_RECORDS FOR THE EXERCISE_.
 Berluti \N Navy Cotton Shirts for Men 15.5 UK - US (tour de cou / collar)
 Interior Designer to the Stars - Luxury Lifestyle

==

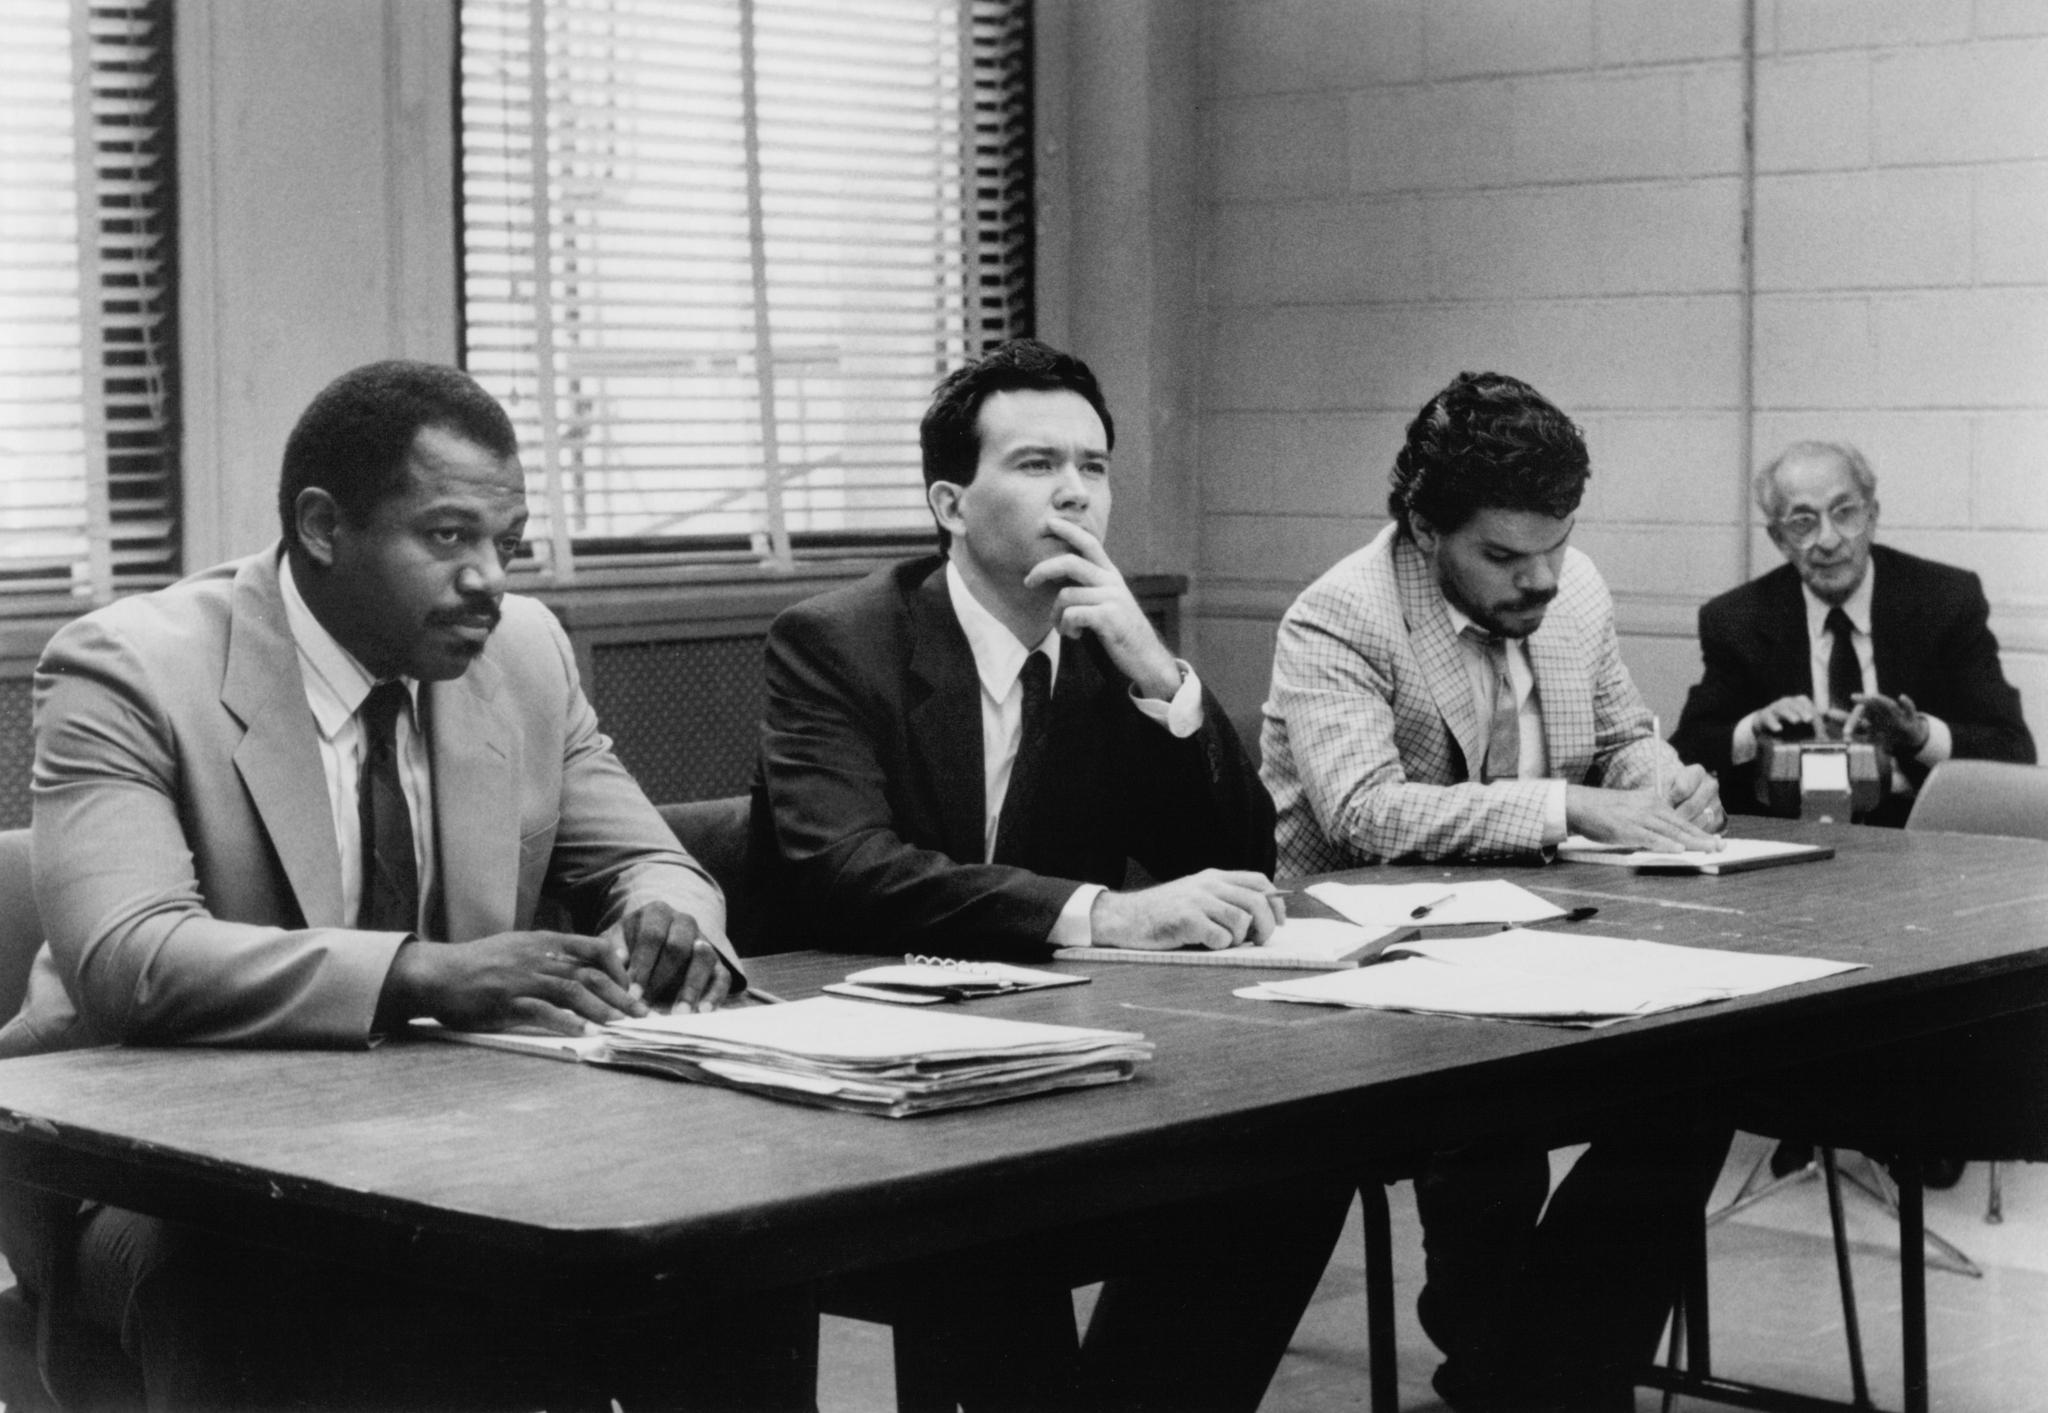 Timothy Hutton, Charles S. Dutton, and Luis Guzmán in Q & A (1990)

_WHAT THE TASK REQUIRES_.
Look above for the line with "Berluti \N Navy"; retype exactly that line, every line after it up to the line with "Interior Designer to", and that line too, nothing else.

_RESPONSE AREA_.
 Berluti \N Navy Cotton Shirts for Men 15.5 UK - US (tour de cou / collar)
 Interior Designer to the Stars - Luxury Lifestyle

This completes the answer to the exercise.